We now give several examples and a more detailed description of the Debate game and its ingredients. We then briefly recap the progress made so far, highlight related open questions, and give a non-technical summary of the experimental results obtained at the third AI Safety Camp.

Truth-promotion as the key desired property of Debate games

We now give a more precise game-theoretical definition of truth-promotion for (TW).

Consider a space A of possible answers to a question Q. For fixed answers A1, A2∈A and debating policies π1, π2, the expected outcome of the Debate game is some vA1,A2:=Eπ[u1|A1,A2]. For simplicity, assume that Q only has one correct answer Atrue. As a first approximation of debate's usefulness, we can define the truth-win probability twp(Q) as the chance that Atrue to Q wins (u1≥0) against a randomly chosen A′∈A. This definition is somewhat vague and sensitive to the choice of A, but it has one more important problem: even with twp(Q)=99.9 there might be an alternative incorrect answer that wins more debates than Atrue, and conversely, even with twp(Q)=51 it might be the case that all other answers win even fewer debates than Atrue.

Rather than depending on win-probability in the above sense, an "optimal" choice of an answer to Q then corresponds to finding some Nash equilibrium σ∗ of the (zero-sum) matrix game with payoff matrix M=(vA1,A2)Ai∈A and selecting A∼σ∗. We say that debate about Q is truth-promoting if the only Nash equilibrium of M is the pure strategy under which both players pick Atrue.[3] More generally, we define the truth-promotion likelihood tpl(Q):=Eσ∗1∈NE σ∗1(Atrue) as the probability of picking the correct answer under a (uniformly) randomly selected Nash equilibrium strategy.[4] This will be 0 or 1 for questions with a single, pure, equilibrium, but can be any number in between for questions with multiple equilibria or mixed equilibria.

Overall, we conjecture that most (reasonable) applications of debate will be successful if and only if the corresponding truth-promotion likelihoods are high.

Experimental results

This section presents the experimental results of our AISC3 project.
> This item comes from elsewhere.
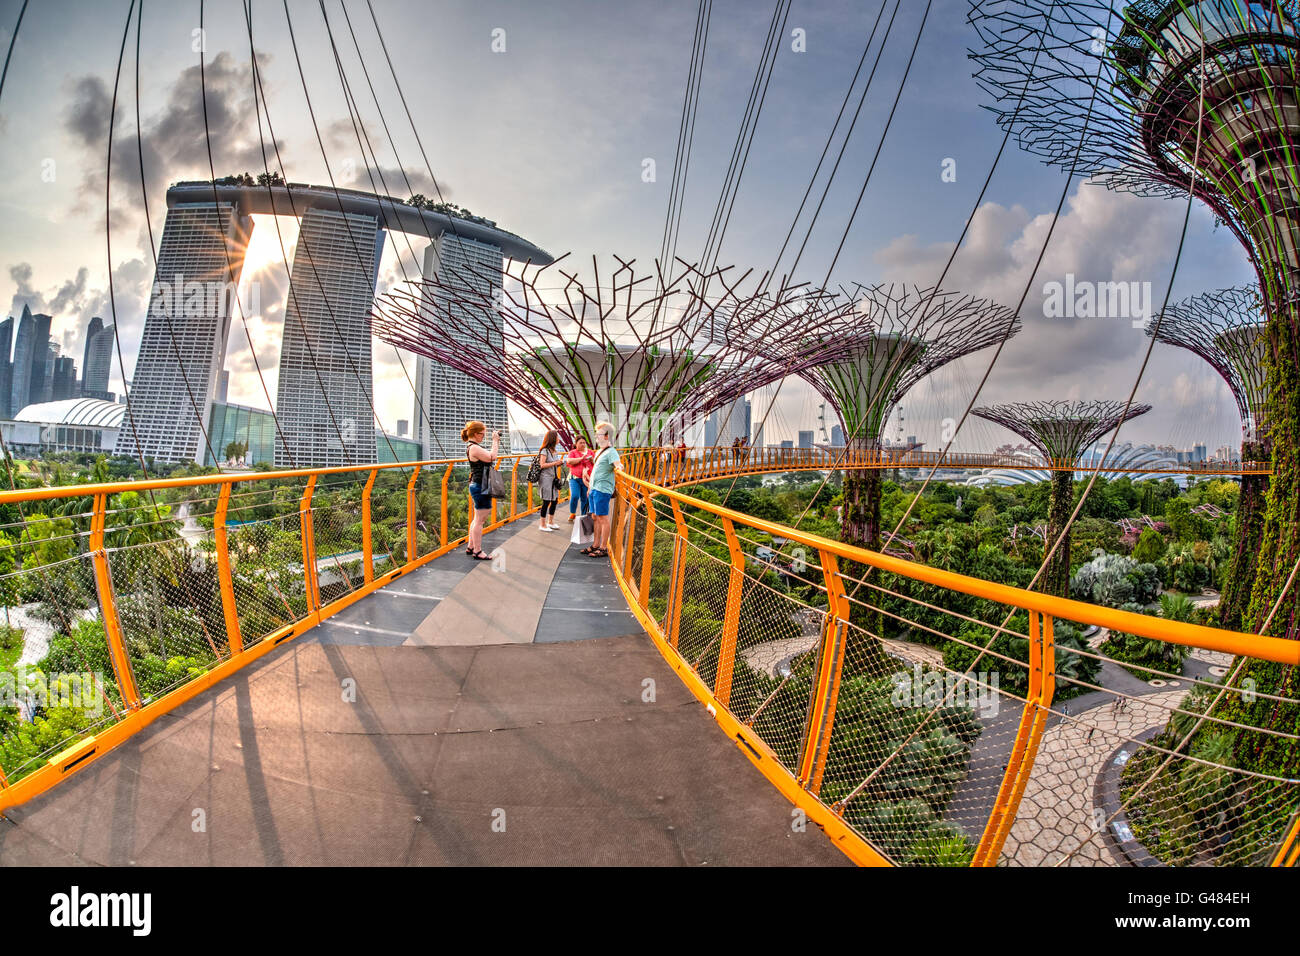 Singapore, Singapore - July 13, 2015: Visitors enjoying the sunset view atop the Supertree Grove at Gardens by the Bay. These ma Stock Photo

The implementation can be found here. We assume that the reader is familiar with the MNIST debate experiment from [1]. Since the details of that experiment are somewhat specific, we highly recommend reading Section 3.1 of [1] before interpreting the results presented below.

Debate games

Recall that [1] considers Debate games around the question “Which digit is shown on this MNIST image?”, with the judge being a neural network classifier that can only see 4 (or 6) pixels of the image, and debate protocol “agents take turns revealing non-black pixels of the digit, until 4 (6) pixels have been revealed”. The debaters select their actions using a Monte Carlo tree search (MCTS) algorithm.

As the first step in our empirical investigation, we reimplemented this experiment, investigated how the results change if we vary the length of debates and the strength of the debaters, and extended the results to the fashion MNIST dataset. The table below shows that our results closely resemble[5] those of [1].

In Figures 1, 2, and 3 below, we can see how the honest player’s win-chance (defined in more detail in [1]) increases when more pixels are shown (4, 6, or 10), and how it develops as the debaters get stronger (i.e., as MCTS uses more rollouts). In particular, we see that there is initially a massive advantage in being the second player, and this advantage mostly disappears once the debaters are strong enough. This implies that the ability of the second player to react to the actions of the first player isn’t decisive in the MNIST debate; rather, we conjecture that the main reason for this “last-mover advantage” is that it’s easier for MCTS algorithm to look fewer moves ahead.

Figures 1 to 3: The percentage of images for which the honest player wins the debate against a non-precommitted opponent (no P), resp. all debates against a precommitted opponent (P) (see [1]). The x-axis denotes the number of MCTS rollouts per decision; 0-rollout MCTS chooses actions randomly. The "avg" graph depicts the average of win-chance when the honest player goes first and second. The 0, 100, 1000, 10k, and 100k-rollout statistics are evaluated on 10k, 4k, 400, 100, and 100 images respectively (possibly explaining the drop between 10k and 100k win-rate). Note that randomly selecting an answer would lead to 10% accuracy (and not, e.g., 50%).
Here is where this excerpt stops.